Podar una higuera no consiste solo en cortar ramas. Una buena poda ayuda a mantener el árbol equilibrado, facilita la entrada de luz, mejora la aireación y permite recoger los higos con más comodidad. También evita que la copa se vuelva demasiado densa, algo habitual en higueras adultas que crecen sin control durante varios años.

La higuera es un frutal resistente, pero responde mejor cuando la poda se adapta a su clima, edad, vigor y tipo de producción. No necesita cortes agresivos todos los años. De hecho, una poda excesiva puede reducir la cosecha, provocar un crecimiento desordenado de chupones y debilitar la estructura del árbol.

Para podarla bien, lo más importante es elegir el momento adecuado, retirar solo lo necesario y entender qué ramas conviene conservar.

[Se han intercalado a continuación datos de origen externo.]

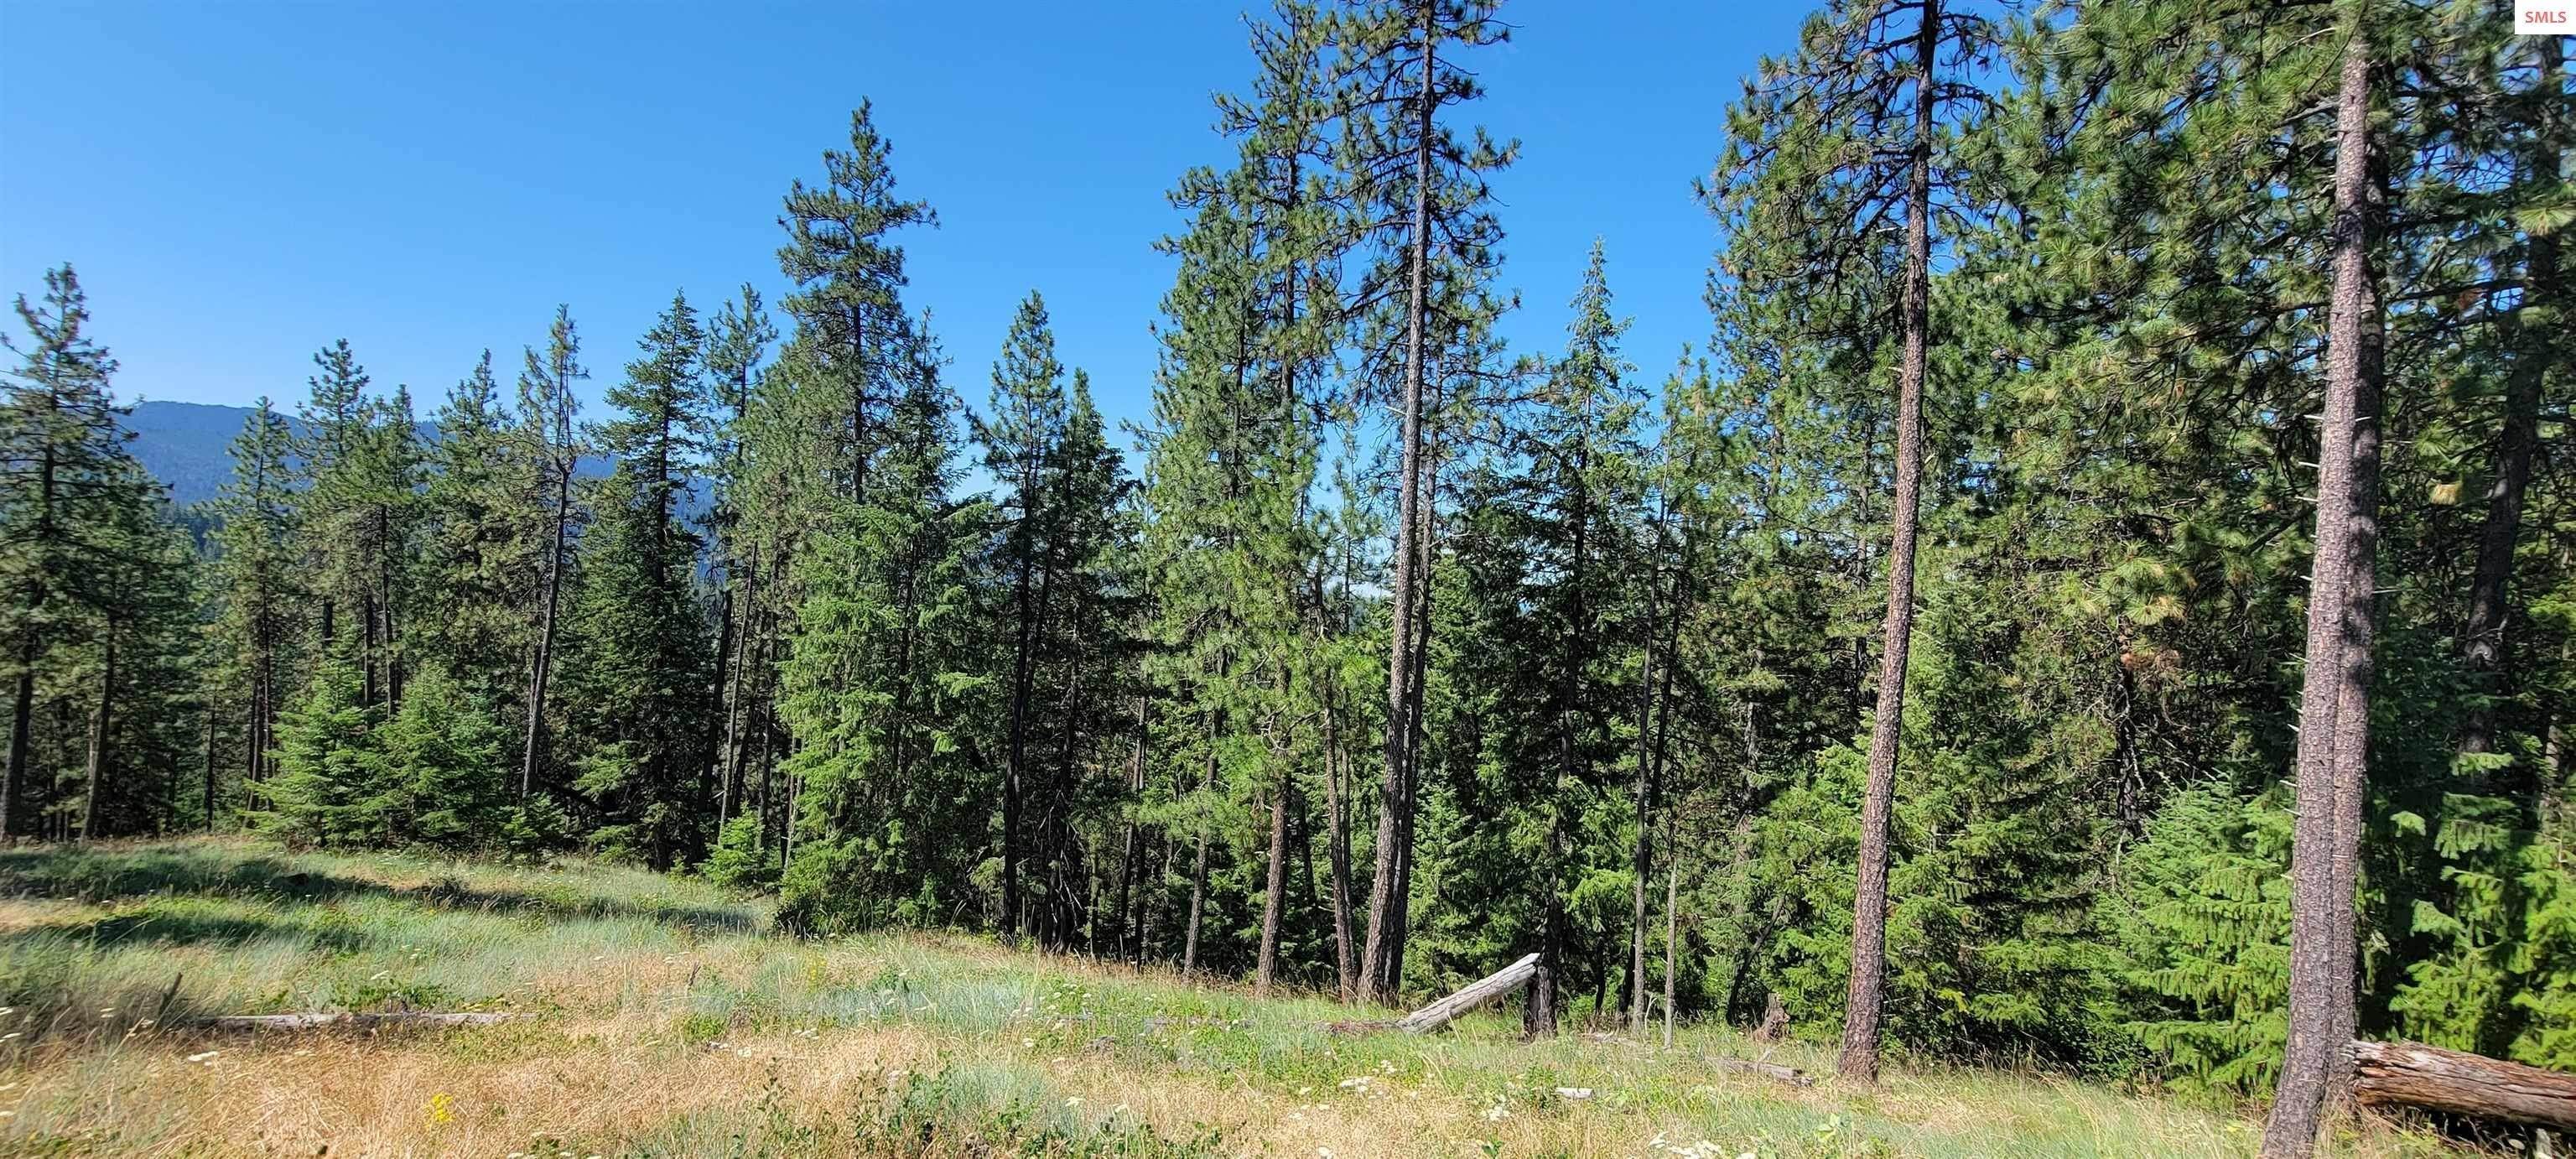 28. Land for Sale at NNA Bobsled Trail Coeur d’Alene, Idaho 83814 United States

¿Cuándo es la mejor época para podar una higuera?

La mejor época para podar una higuera suele ser el final del invierno o el inicio de la primavera, cuando el árbol está en reposo o justo antes de empezar a brotar. En ese momento, la higuera tiene menos actividad, pierde menos savia y los cortes cicatrizan mejor con la subida progresiva de temperaturas.

En zonas templadas, la poda puede hacerse entre febrero y marzo. En zonas frías, conviene esperar a que pase el riesgo de heladas fuertes. Si podas demasiado pronto y llega una helada intensa, las ramas recién cortadas pueden sufrir daños.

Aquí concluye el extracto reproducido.